CrateDB nodes constantly crashing

Hi everyone,

We have a 3 nodes (8 cores - 64 GB RAM each node) cluster in AWS Cloud. Our use case is an IOT platform and our data ingestion rate is about 350 insertions/sec. With a data retention window of about 6 months.

CRATE_HEAP_SIZE = 30.5 GB

We are currently getting nodes disconnections every 30 minutes or less. The node completely crashes, restart and a new master node is elected. This happens all day.

Any advice?

Thanks in advance

Could you share some further information with us?

  • Which version of CrateDB are you using?
  • Which OS are you running CrateDB on?

Further you might provide:

  • DB Schemas
  • Config File
  • A heap dump
  • The crate log of the crashing node

… and …

  • Monitoring snapshots (e.g. grafana) of exposed JMX metrix
    • crate_threadpools queueSize/active/rejected,
    • GC infos:
      • Young + Old Generation avg (jvm_gc_collection_seconds_sum/jvm_gc_collection_seconds_count)
      • Survivor space (jvm_memory_pool_bytes_used)
      • GC rates (jvm_gc_collection_seconds_count)
    • DirectBuffer memory usage (jvm_buffer_pool_used_bytes)
    • Queries per second (crate_query_total_count)
    • Query error rate (crate_query_failed_count)
    • CircuitBreaker memory usages (crate_circuitbreakers)

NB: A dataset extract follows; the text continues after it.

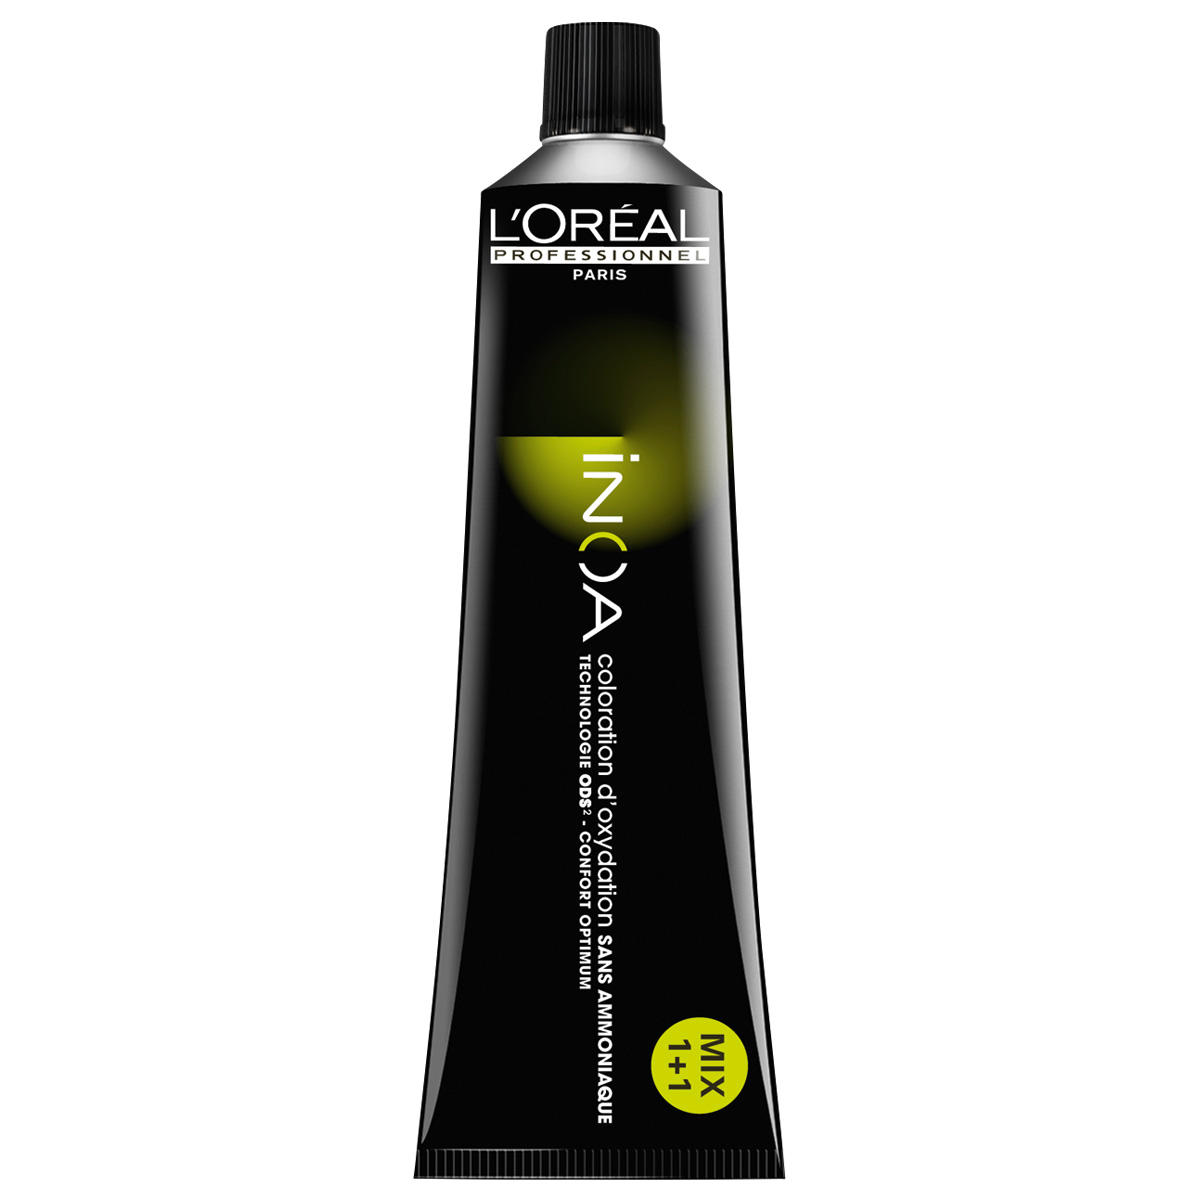 L'Oréal Professionnel Paris Coloration 8,34 Biondo chiaro oro rame, tubo 60 ml

Hey Daniel, any update on this one?

I will be glad to look into this. To be sure to be as close to your setup as possible, I appreciate the following information:

  • cratedb version
  • crate.yml / configuration flags
  • show create table of the ingest column
  • how many data do you have in the table/partitions
  • os version/image
  • EC2 Type you use
  • Loadbalancer type
  • filesystem/-type/size where the data is stored

Regards,
Walter